Increasing need for medications or drugs with the rise in incidence and prevalence of chronic diseases, various drug manufacturers have strategized for new drug approvals and research and development of biological drugs. For instance, in 2020, FDA approved 53 drugs, of which 65% were small molecules, 35% were biologics. Whereas during 2019, 48 novel drugs received FDA approval, out of which 25.0% were biologic drugs. The percent growth in biologics is 10.2% as compared to 2019 approvals, thus indicating the rise in the demand for biologics. In 2019, seven out of 10 blockbuster drugs were biologics outnumbering small molecule drugs. Some of the top-selling biologics in 2019 included Humira ($19.1 billion), Keytruda ($11.0 billion), Avastin ($7.28 billion) and Opdivo ($7.20 billion). The growth of the biologics market indirectly indicates the huge demand for services spanning all stages of biologic development starting from the preclinical stage to commercial manufacturing.

 

Biosimilars are biotherapeutic products that are similar to the commercialized reference biologic drugs in terms of efficacy, quality, safety, potency and purity. These slightly modified genres of original biologic drugs, with slight differences in their clinically active components, are emerging as an effective substitute for the highly expensive biotherapeutics. The growth of the biosimilar market is driven by the expiration of patents of various top-selling biologic drugs, need to substantially reduce healthcare expenditure by driving down the prices of biologics through competition, increasing regulatory approval of several biosimilars from the global patient pool for treating the highly prevalent chronic diseases with no effective conventional therapeutics till date. These biosimilars increase patient access to highly effective but expensive biotherapeutics by spurring stiff competition among the biopharmaceutical companies in the biologics market. In 2019, 10 biosimilars for various therapeutic areas like rheumatoid arthritis, psoriasis, blood disorders and cancers were approved by FDA. Due to the huge commercial potential of the biosimilar market, many biopharmaceutical companies are racing to develop and launch biosimilars for blockbuster drugs.

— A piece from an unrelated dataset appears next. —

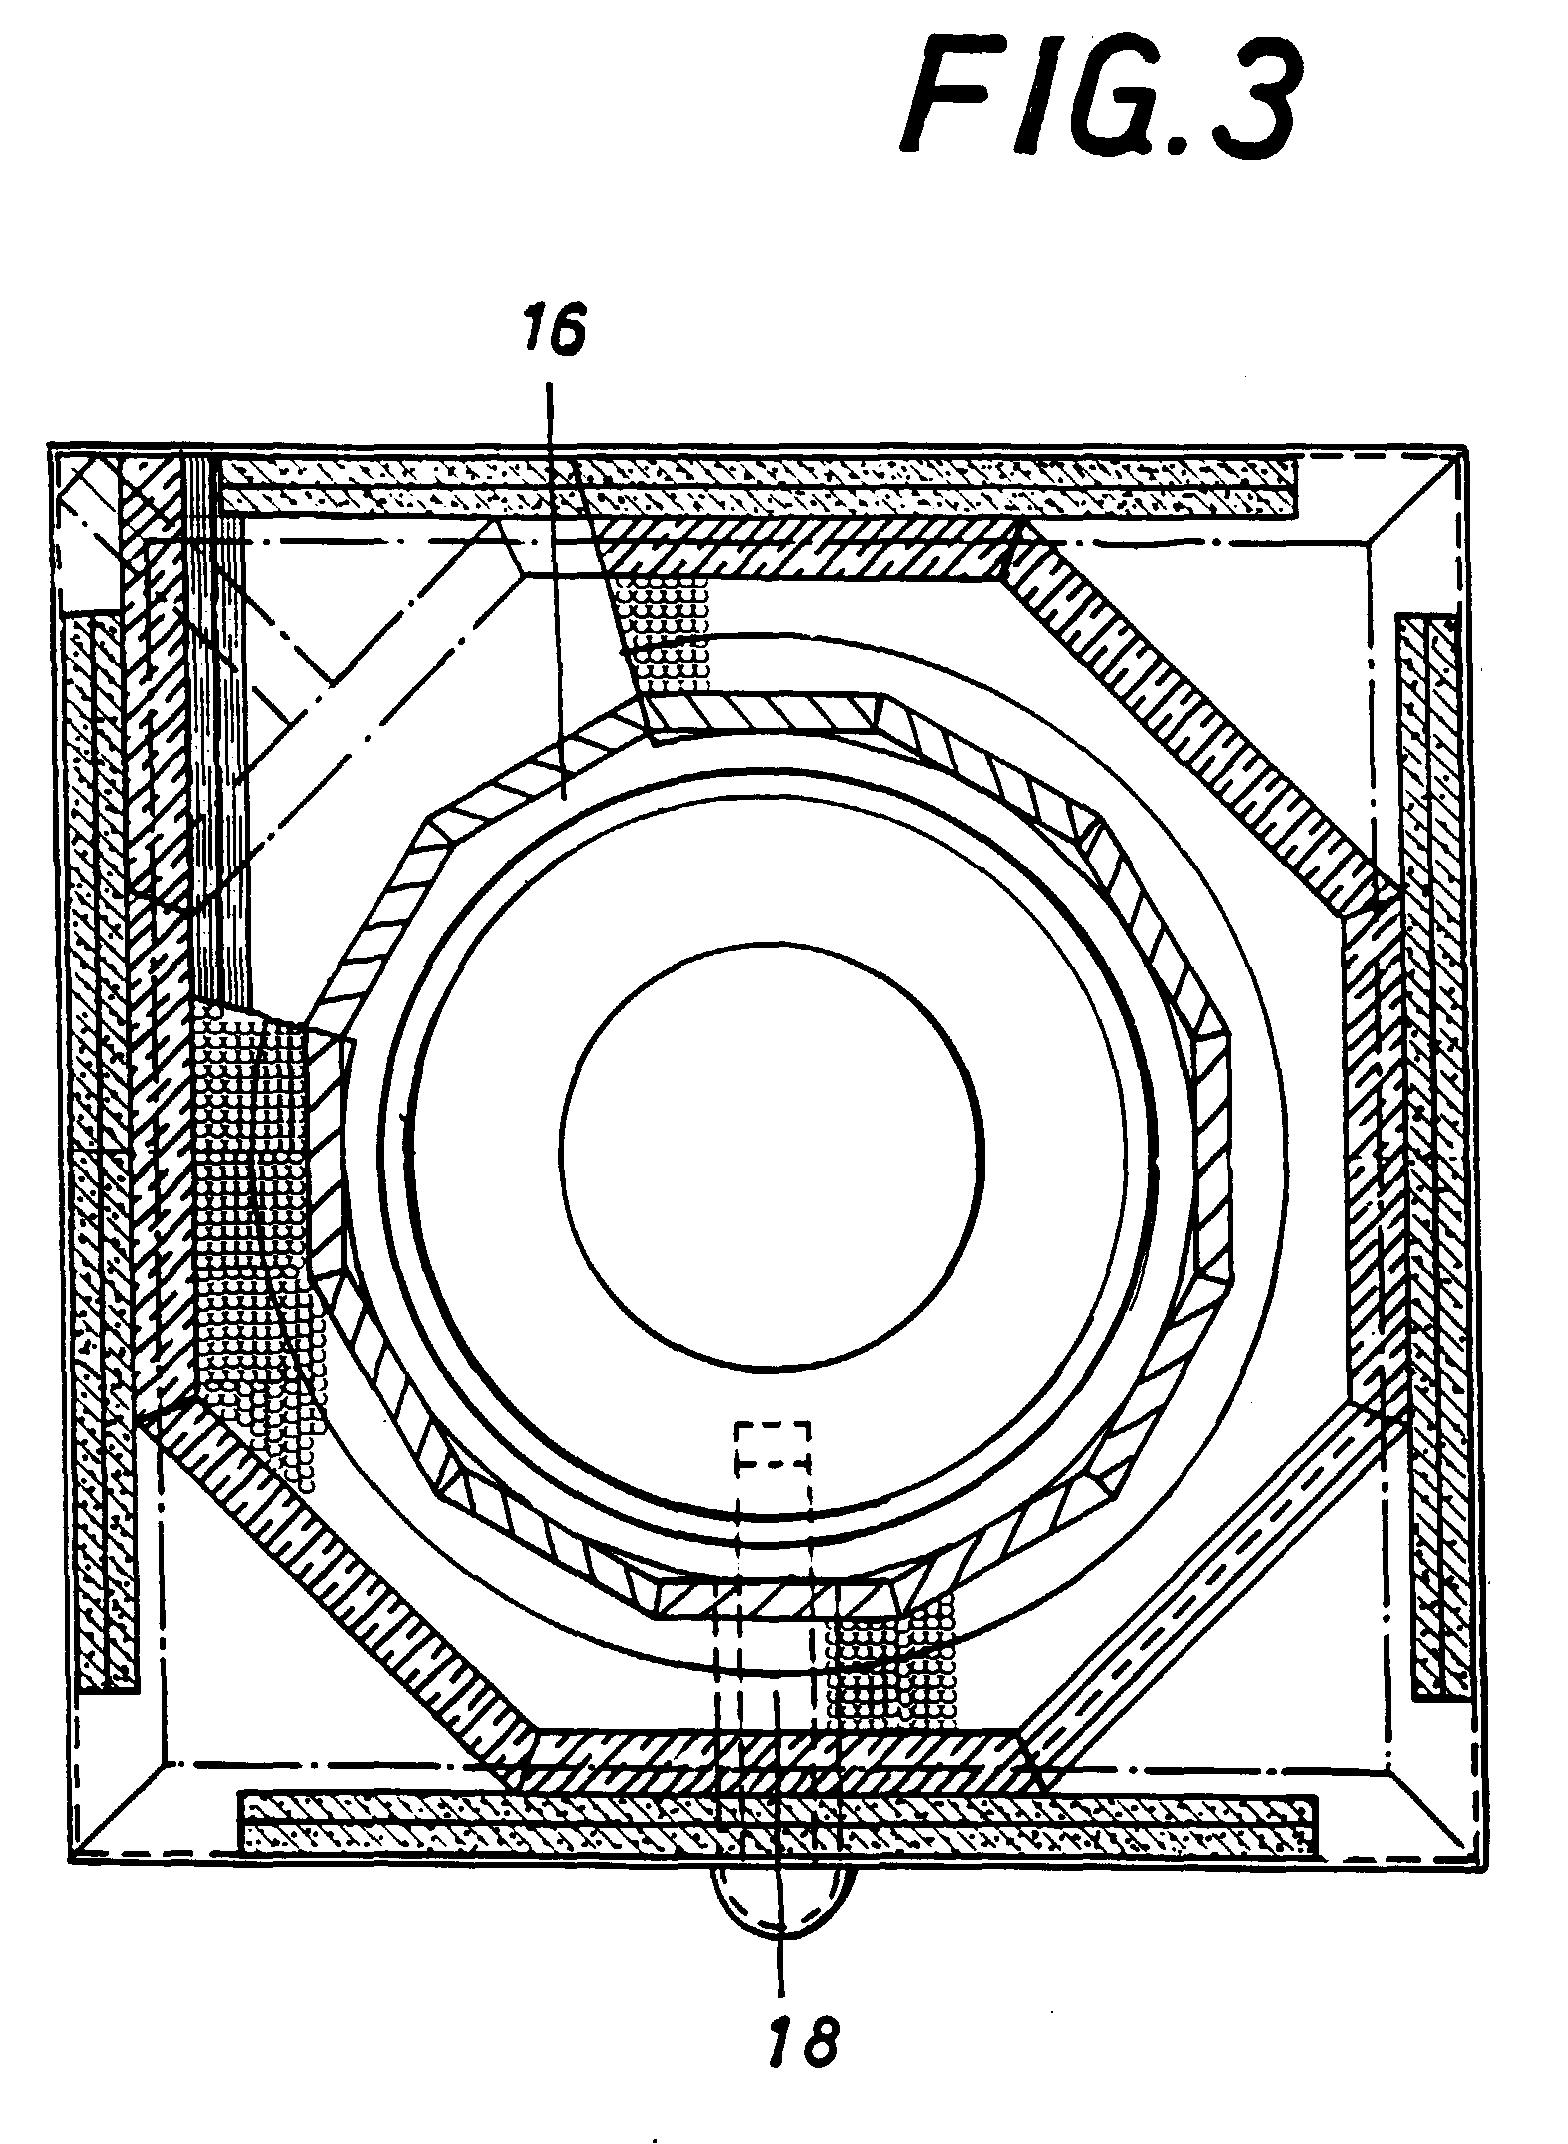 Underground Well Pressure Tank Diagram Wiring And Engine Diagram

In January 2020, Pfizer launched biosimilars of Roche’s Avastin, Herceptin and Rituxan at substantially reduced prices. Some of the top revenue-generating biologic drugs like Humira, Avastin and Herceptin have approximately 51, 57 and 60 biosimilar products in the pipeline across various stages of development respectively.

 

Biologics-based treatment as a new approach to disease management will continue to evolve due to their targeted and potential curative efficacy for various types of diseases will further boost the demand for biologics and thereby driving the growth of the global API market. 

 

Some of the prominent Biotech API players include Eli Lilly and Company (U.S.), F. Hoffmann-La Roche Ltd (Switzerland), Pfizer Inc. (U.S.), Biogen Inc (U.S.), Merck KGaA (Germany), AbbVie Inc. (U.S.), Novasep (France), WuXi Biologics (China), Catalent Inc. (U.S.), Samsung Biologics (South Korea), Lonza Group (Switzerland), Boehringer Ingelheim (Germany), Thermo Fisher (Patheon N.V., U.S.), and others.